Doctor Who production through the sixties was not a straightforward business. Budgets were tight for what was an ambitious science fiction show and the BBC were often unsure if they wanted more of it, or less of it, or none at all! Which made planning and budgeting a challenge. The theme music was simply great, and the sound effects from Brian Hodgson were more than adequate, they were often stunning and even became the music for a spell when the music budget was challenged to not exist at all (which is another story. I have a lot of other stories). As the theme and ‘special sound’ were from the RWS they came all but free to the DW production. Their costs were counted as below the line, literally the line dividing the ‘talent’ from production staff on the budget sheet. Any composer’s services would be paid ‘above the line’, as their credit would be amongst the actors and writers etc. who were paid a negotiated rate for their contribution, not a salary. Everyone who worked for the BBC was below the line and once they were signed up for the programme the costs for their time were taken care of. Hiring a composer, and the musicians who played the score, were firmly above the line and the budget was consequently far more tightly constrained.    

Speaking to Mark Ayres, Simpson laid out the reality of BBC budgets.:

“You see, the music came as the last item in the budget. They made it quite clear to me that if we were going to have music at all it had to be done on the cheap. And, of course, the Radiophonic Workshop – those boys are all producers and they’re on BBC producers’ pay. I was the only one who got a fee out of it for my time spent there. So it was Barry Letts who said to me, “You’d be just the man to create it and help save the money.” So I did what I could”
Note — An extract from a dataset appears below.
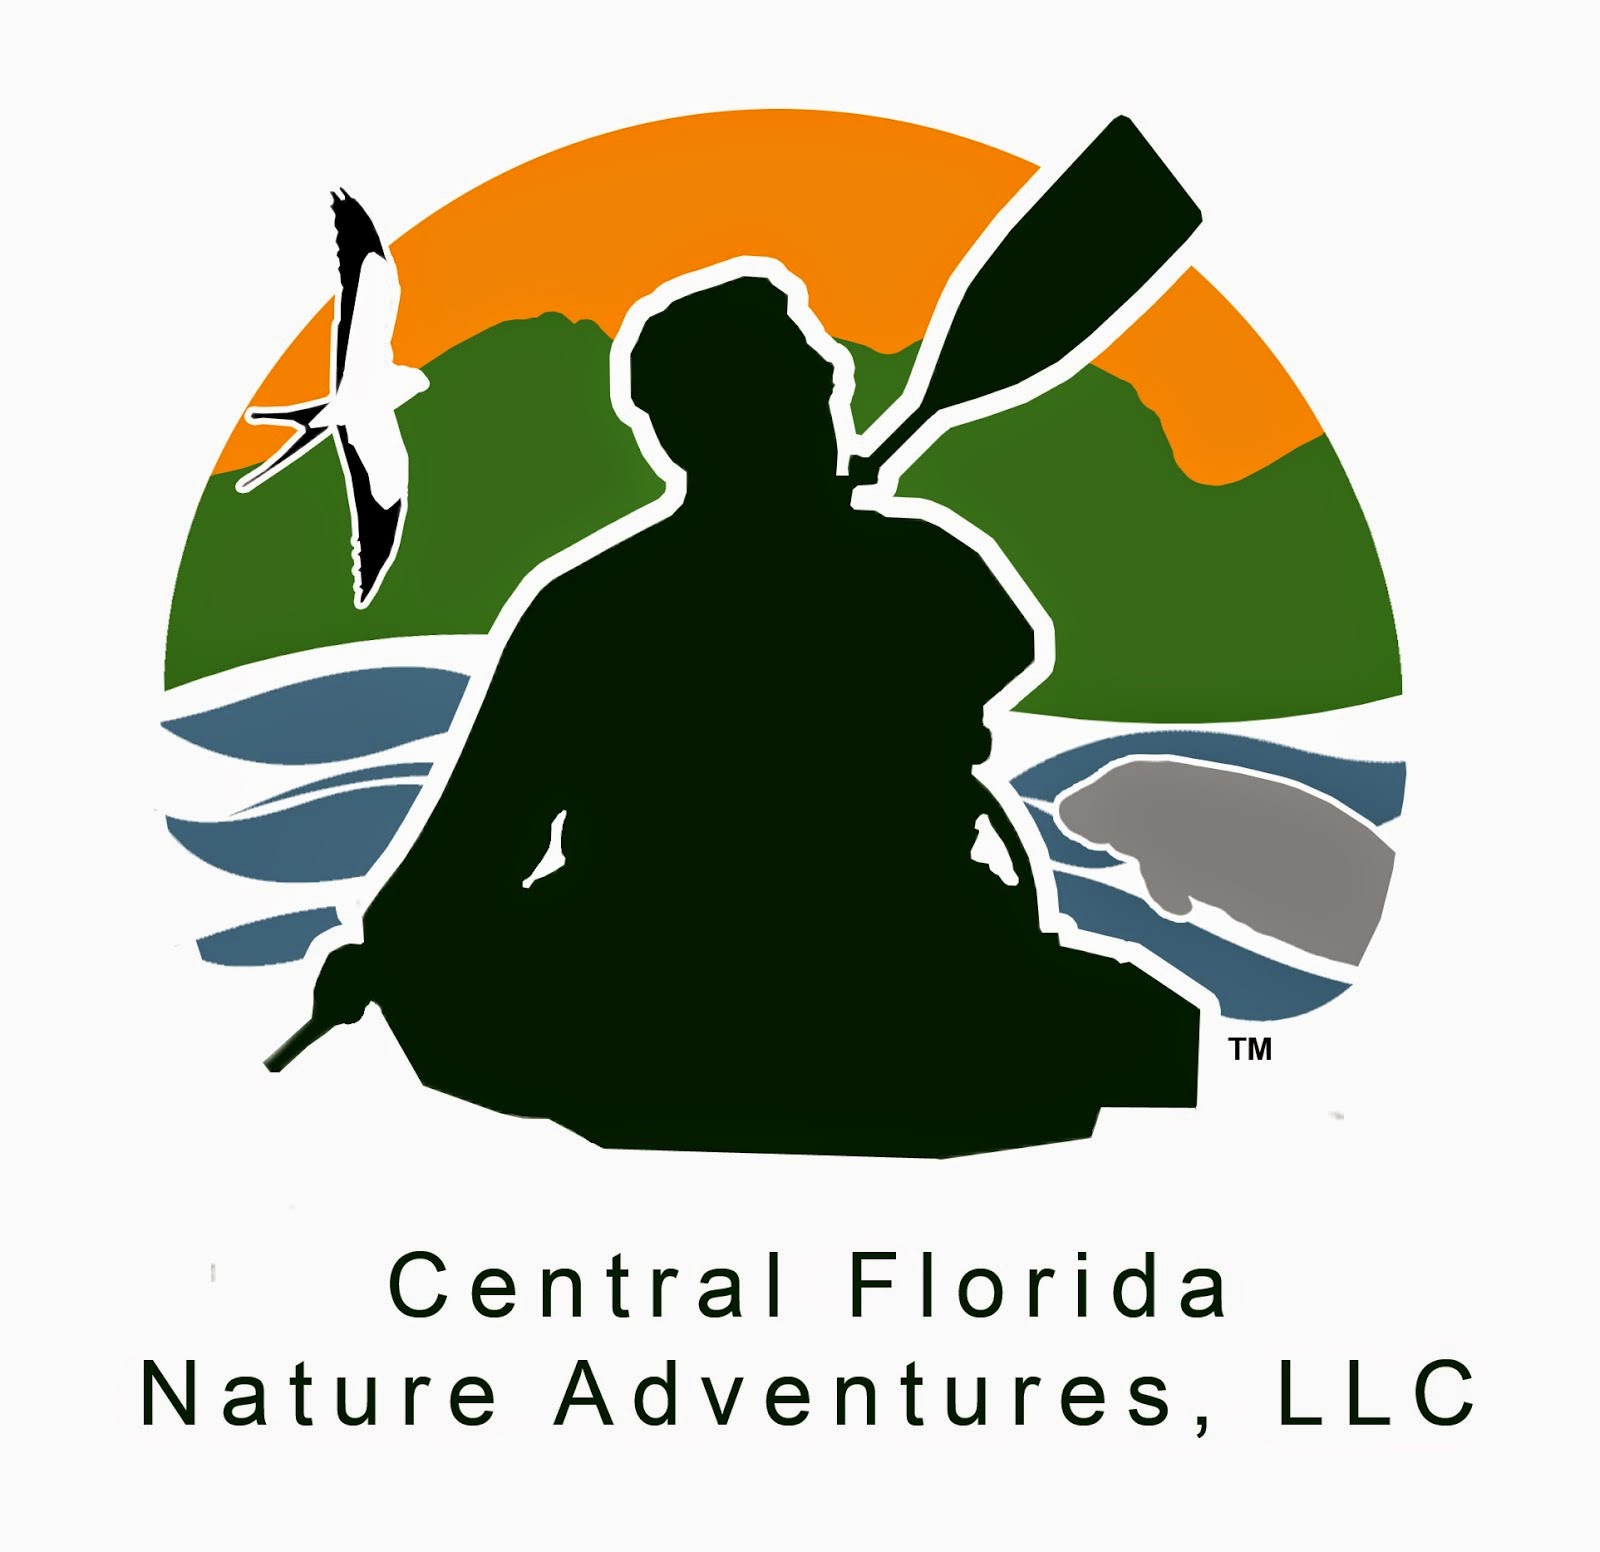 Our Guided Kayak Tour Service

‘Notes from a Large Island’, Doctor Who Magazine Special Edition #41, Autumn 2015

His “time spent there” refers to the hours he put in at the Worksop. Simpson’s working arrangement with the Workshop was almost unique. It was all but a closed shop. strictly invite only, with other artists who did get in generally being of the more avant-garde, sound-art type. Simpson was the exception, but this was not a permanent arrangement and it went through several phases during his tenure on DW. The attraction of Dudley Simpson for DW was that he could bring the goods on such tight budgets. As Mark Ayres puts it “The biggest sound for the smallest amount of money”. This meant using the same musicians to over-dub their parts, using musicians who could play different instruments in the same session, scoring for instruments (and thus musicians) with a wide range so they could fulfil many parts, using keyboard instruments he could play himself, and having the will and the wit to use the RWS too.

The sixties

Simpson got started with DW late in 1964 scoring series 2 opener ‘Planet of Giants’ (using big instruments for the giants against small instruments for the heroes – so simple, so effective) and then ‘The Crusade’ and ‘The Chase’. Series 3 only had one score from Simpson ‘The Celestial Toymaker’. For series 4 he was back up to three scores with ‘The Underwater Menace’, ‘The Macra Terror’ (‘Chromophone Band’, realised by Delia Derbyshire) and ‘The Evil of the Daleks’ (made using the basic test oscillators at the Workshop, just like Derbyshire’s theme). Series 5 features two Simpson scores, ‘The Ice Warriors’ (ethereal female vocals, “Who’s Ethel Reel, Dudley?”, quipped Dick Mills, whenever Simpson used this description) and ‘Fury from the Deep’ (using test oscillators and distorted piano). Series 6 saw an unbroken run of three stories with ‘The Seeds of Death’(piano and percussion with echo and other effects processing), ‘The Space Pirates’ (Ethel Reel on vocals, again) and ‘The War Games’ (pipe organs!) all with his music. The short, four-story, series 7 boasted two of Simpson’s compositions ‘Spearhead from Space’ and ‘The Ambassadors of Death’ (spy jazz-rock, space ballet and harpsichord!). The level of sophistication was improving with the available technology, so the next step was a natural one.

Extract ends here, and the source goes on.